Mila isn't totally litter trained but she does make some effort in the main cage. I can't really tell when/where she urinates as it's probably being absorbed by the litter or fleece. I move her poo to her litter box and I find less and less of it around the main cage.
However the loft is another story... I put a lot of effort into making it, so im very happy that she uses it at all. She sleeps in it and digs in it, and poops and pees in it  
I went to the dollar store and found a nice small dish so I plan to put it in the loft and hope that she will use it! 

I *think* the white stripe will stay. For sure through this quilling. She is shedding white quills that are MUCH smaller in both length and width (look more like hair from a jack russel than quills). 
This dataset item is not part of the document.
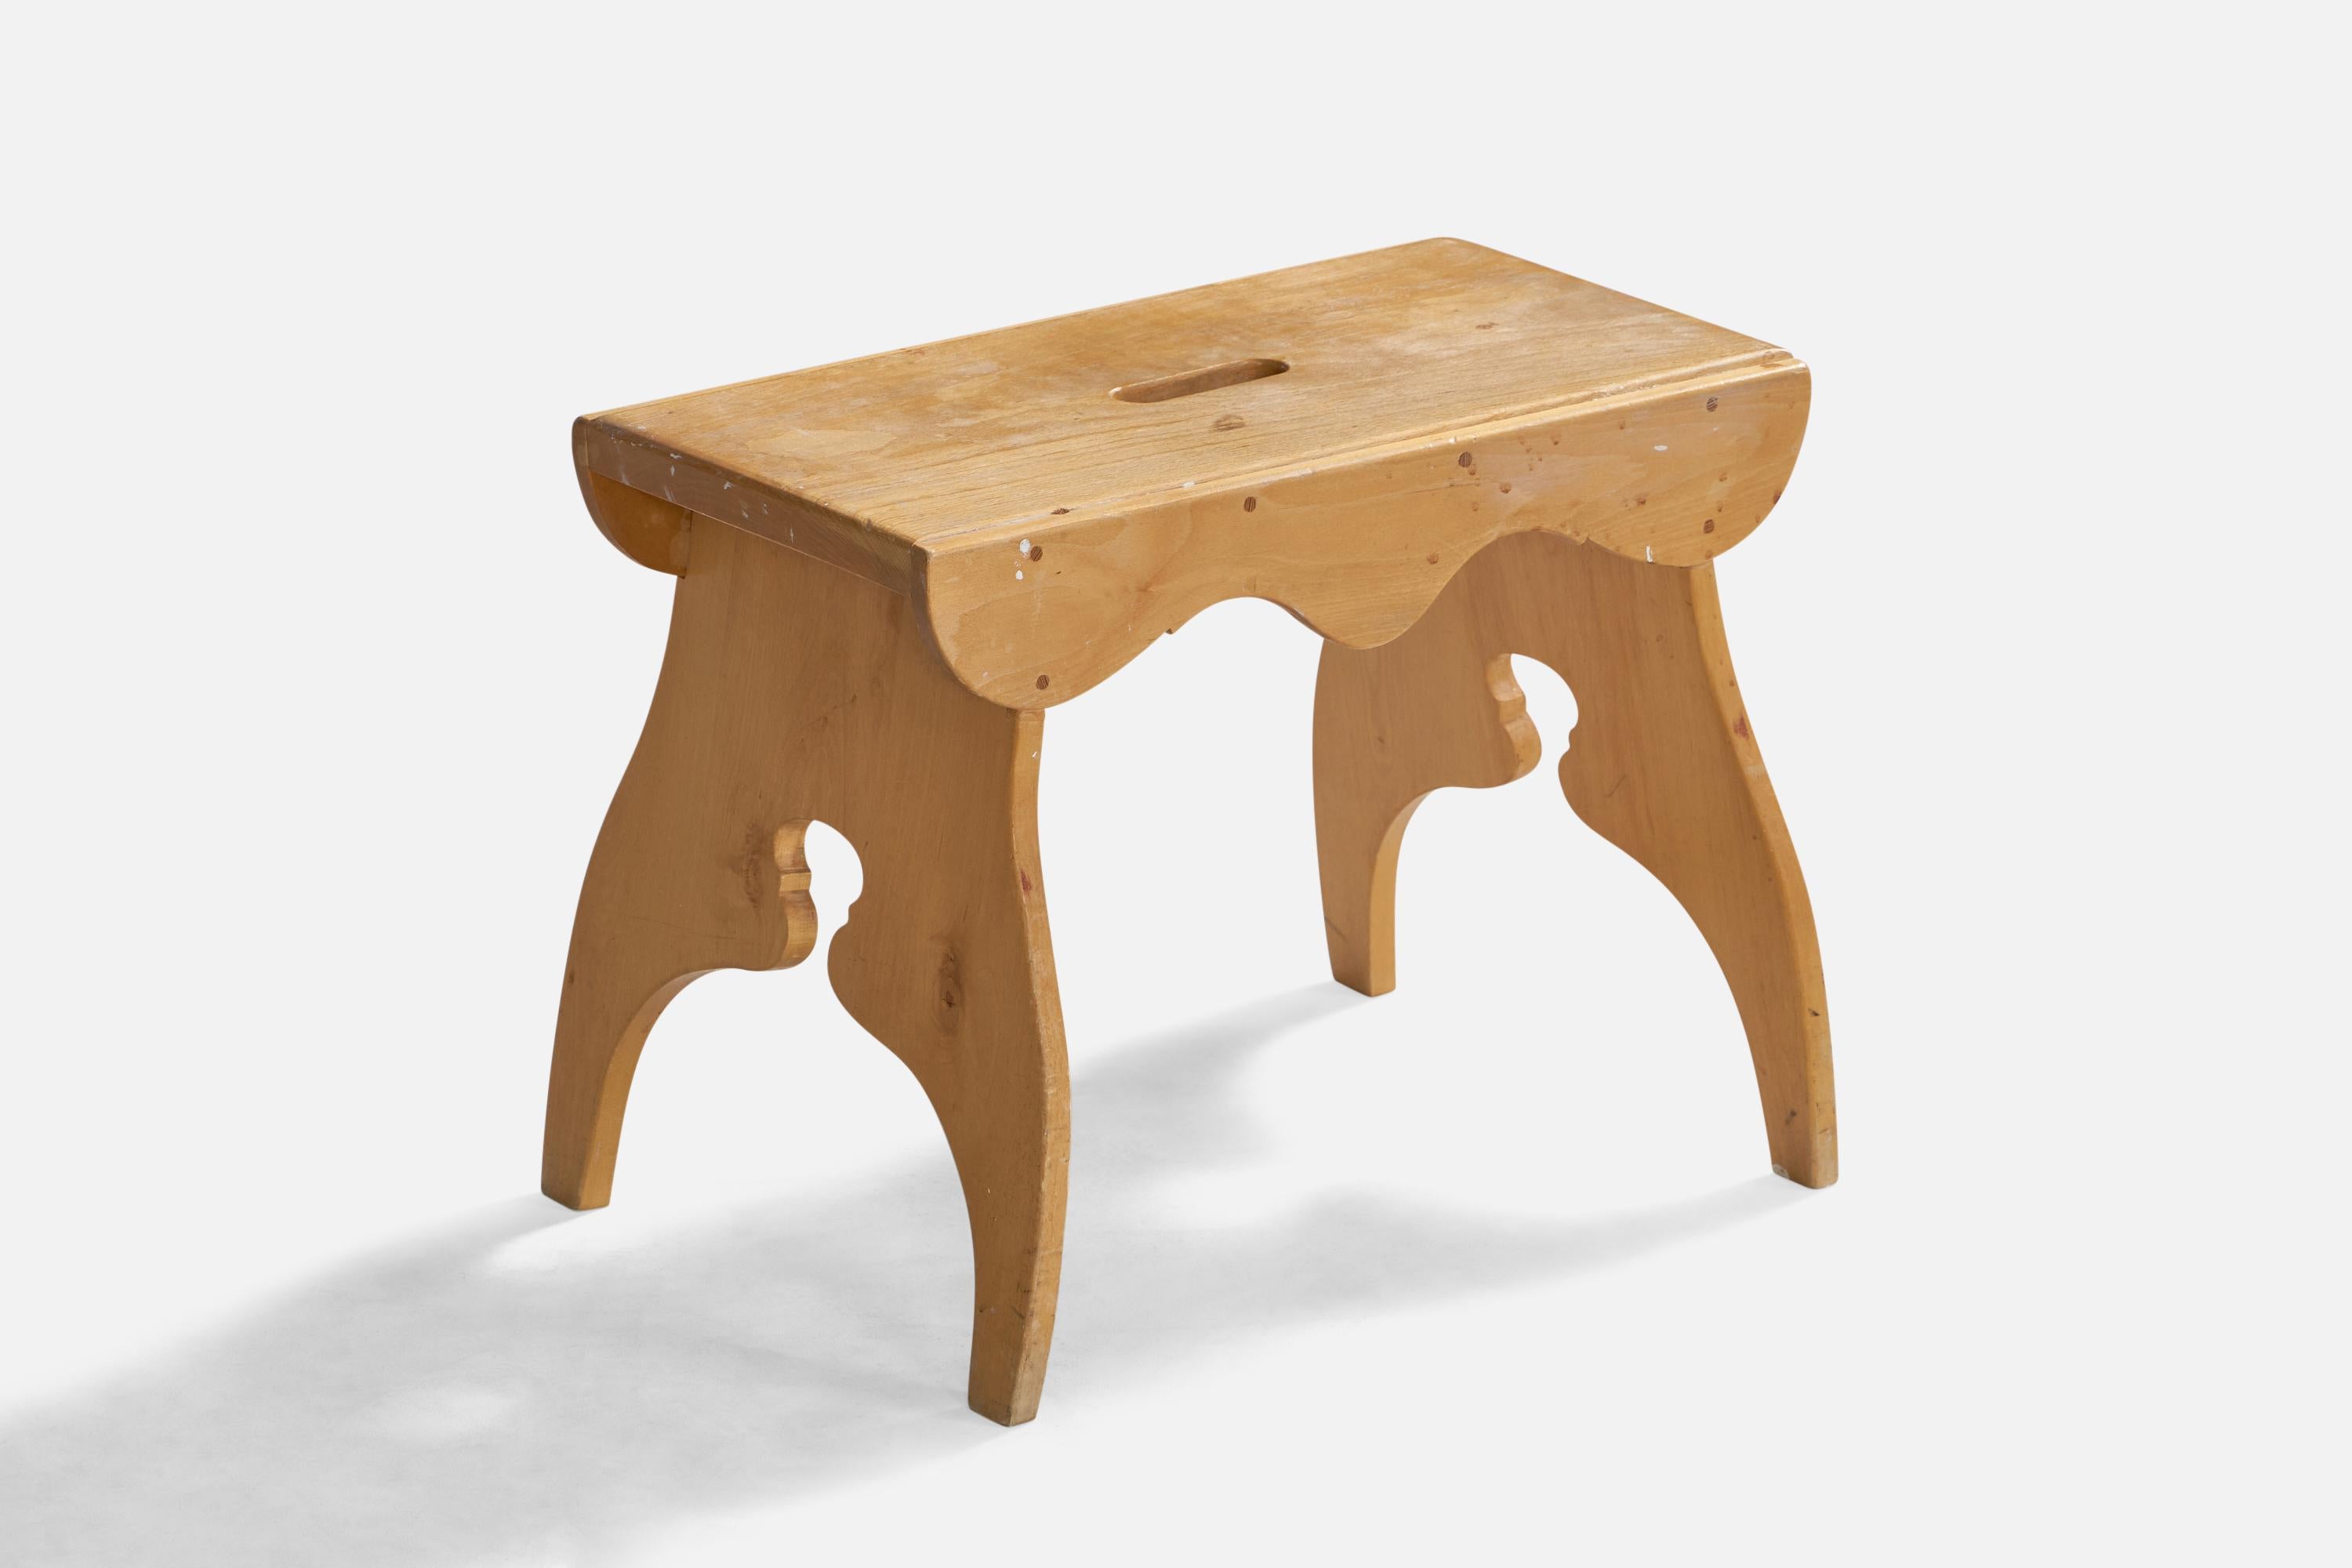 A pine stool designed and produced in Sweden, c. 1960s.

Seat height: 13.68”

Did you find the food that Michelle gave you contained all three catfoods? I don't think mine did... Mila got an upset stomach from the wellness and natural balance.(she also annointed on them which to me seems like they are new to her). The sample Michelle gave me seemed like only purina...


----------



## CeliSamurai (Oct 12, 2010)

I think she gave me the full mixture, not sure. I cant find where to get the natural balance stuff. But I found the other 2. He hasnt annointed anything yet. Does Mila like the dry mealworms? I'm not sure if Shadow does, he always turns it down. But I have put it in his dish a few times and he seems to eat it.


----------